I put together a microbenchmark that seemed to show that the following types of calls took roughly the same amount of time across many iterations after warmup.
static.method(arg);
static.finalAnonInnerClassInstance.apply(arg);
static.modifiedNonFinalAnonInnerClassInstance.apply(arg);
Has anyone found evidence that these different types of calls in the aggregate will have different performance characteristics? My findings are they don't, but I found that a little surprising (especially knowing the bytecode is quite different for at least the static call) so I want to find if others have any evidence either way.
If they indeed had the same exact performance, then that would mean there was no penalty to having that level of indirection in the modified non final case.
I know standard optimization advice would be: "write your code and profile" but I'm writing a framework code generation kind of thing so there is no specific code to profile, and the choice between static and non final is fairly important for both flexibility and possibly performance. I am using framework code in the microbenchmark which I why I can't include it here.
My test was run on Windows JDK 1.7.0_06.
If you benchmark it in a tight loop, JVM would cache the instance, so there's no apparent difference.

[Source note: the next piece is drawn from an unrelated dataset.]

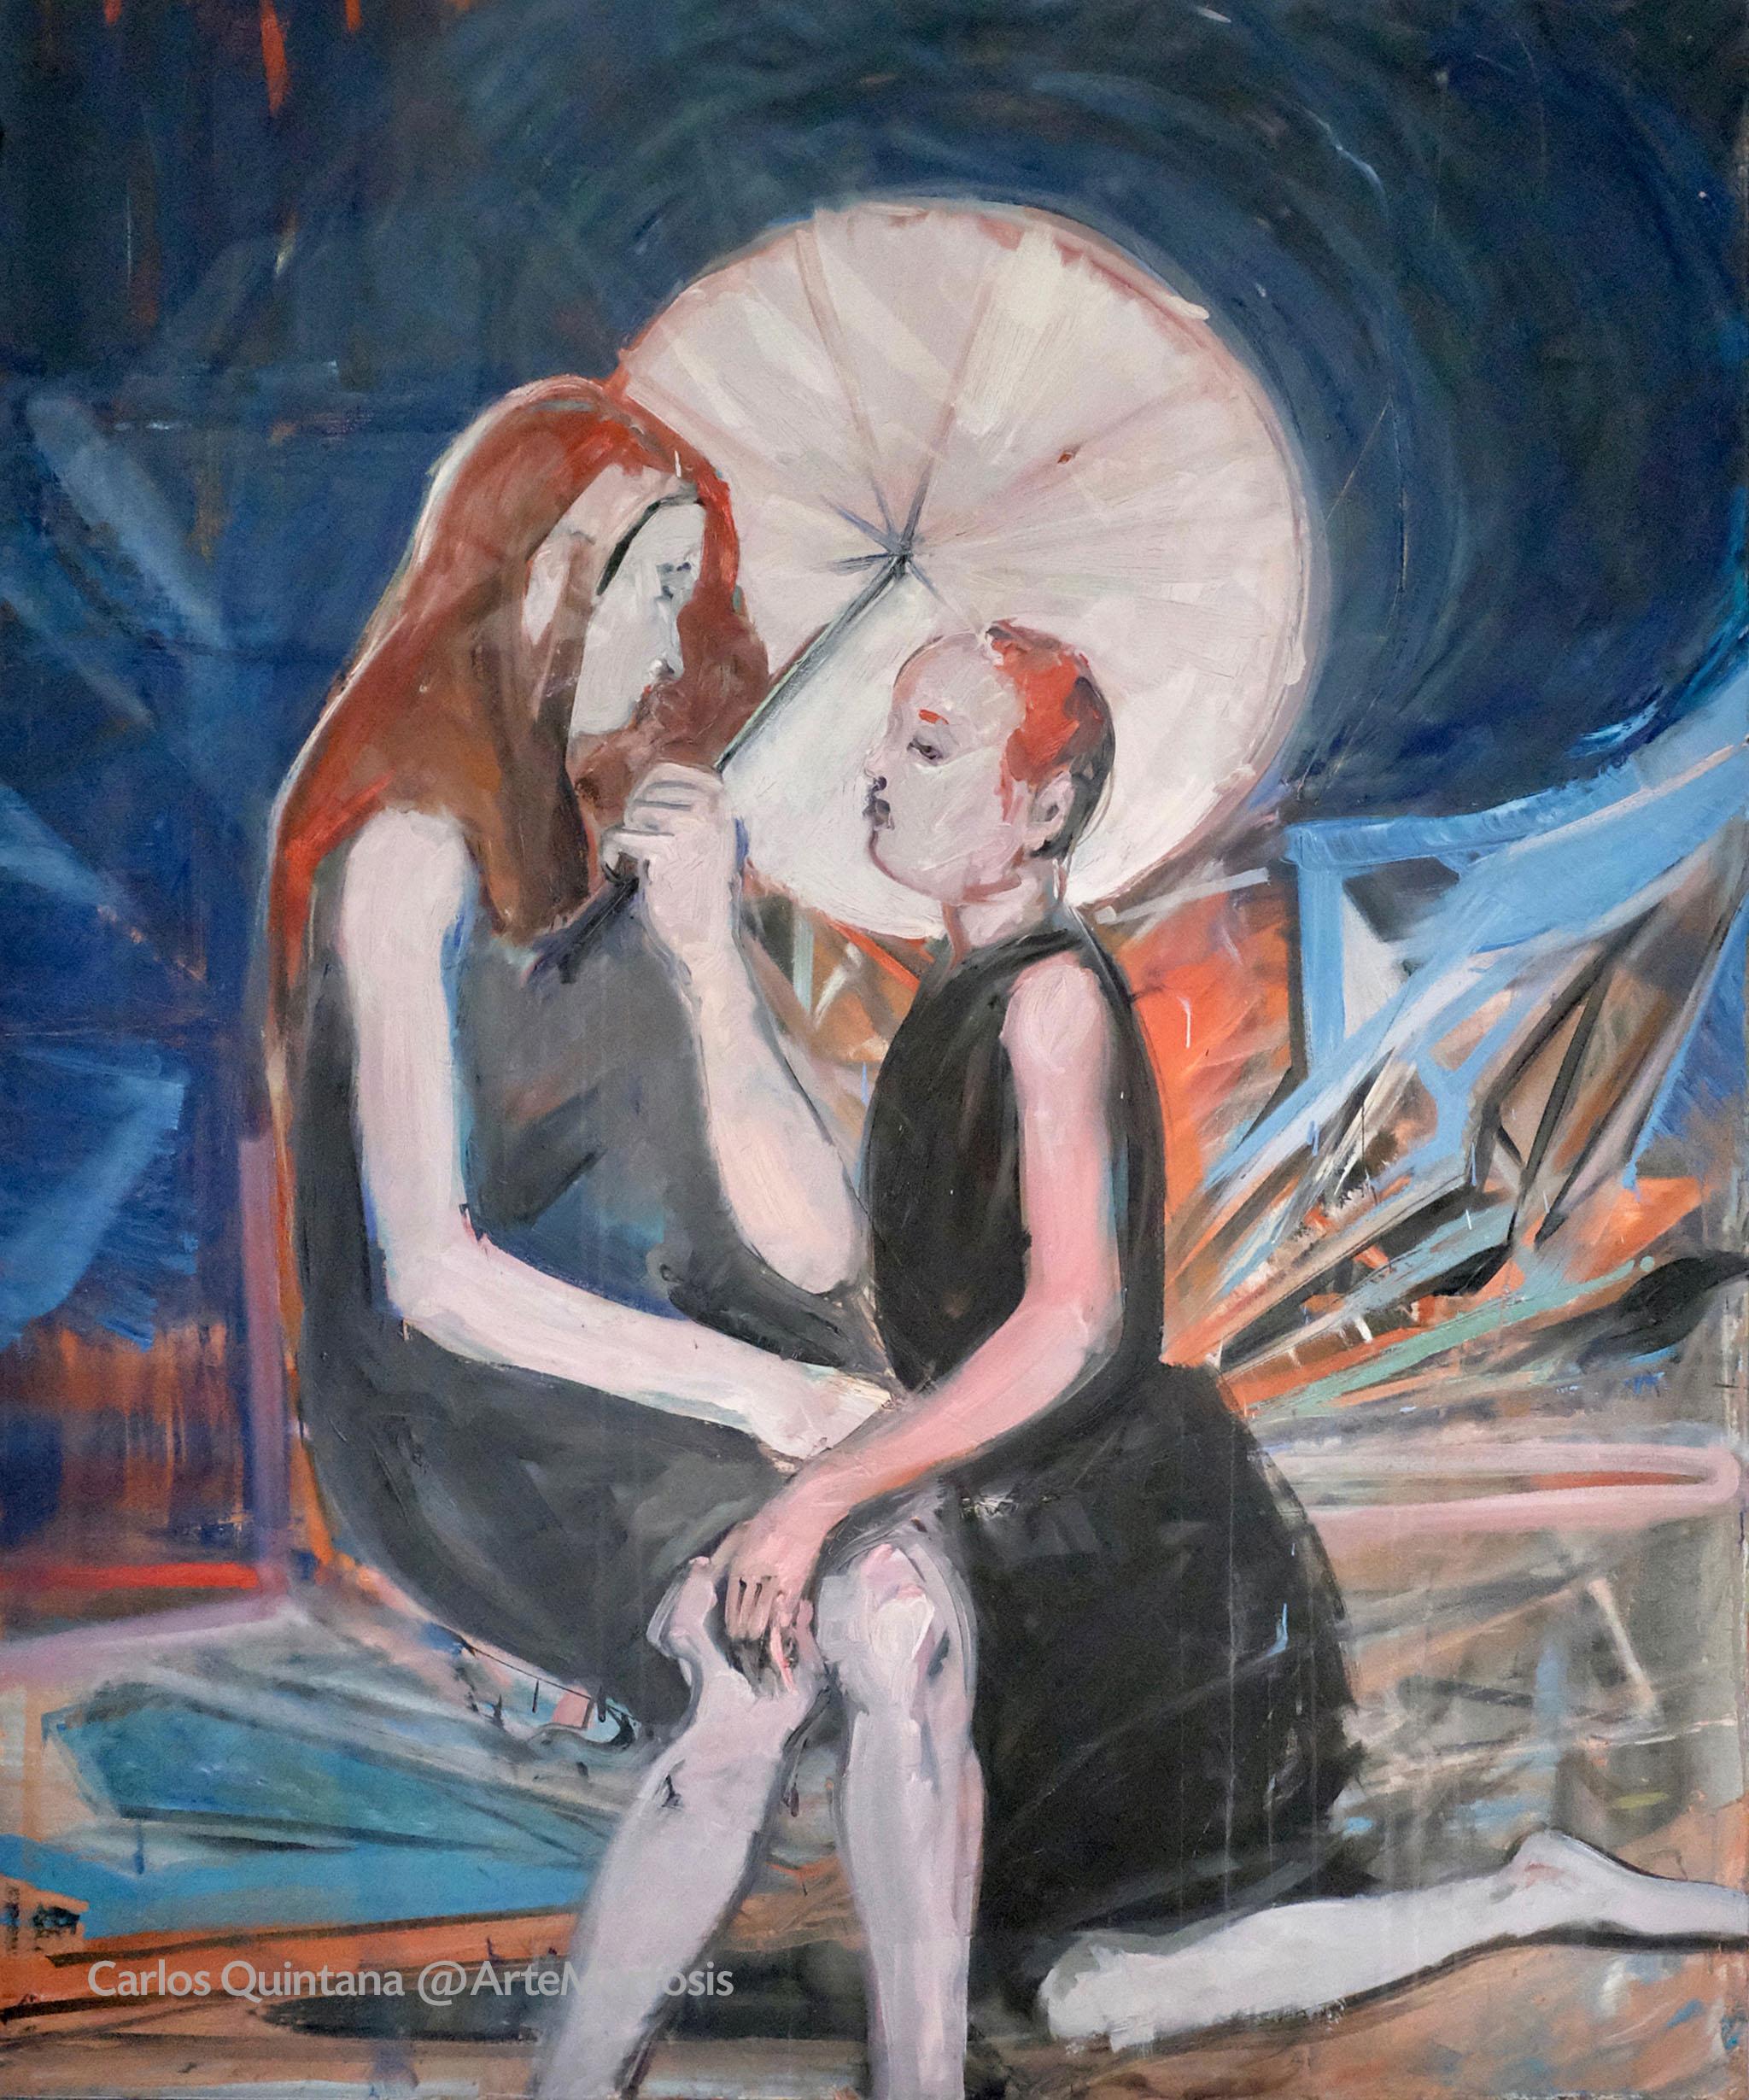 Ohne Titel | Sin título 2017, Öl, Tinte auf Leinwand | Óleo, tinta sobre tela 152 x 122 cm

If the code is executed in a real application,
if it's expected to be executed back-to-back very quickly, for example, String.length()
used in for(int i=0; i<str.length(); i++){ short_code; }
, JVM will optimize it, no worries.
if it's executed frequently enough, that the instance is mostly likely in CPU's L1 cache, the extra load of the instance is very fast; no worries.
otherwise, there is a non trivial overhead; but it's executed so infrequently, the overhead is almost impossible to detect among the overall cost of the application. no worries.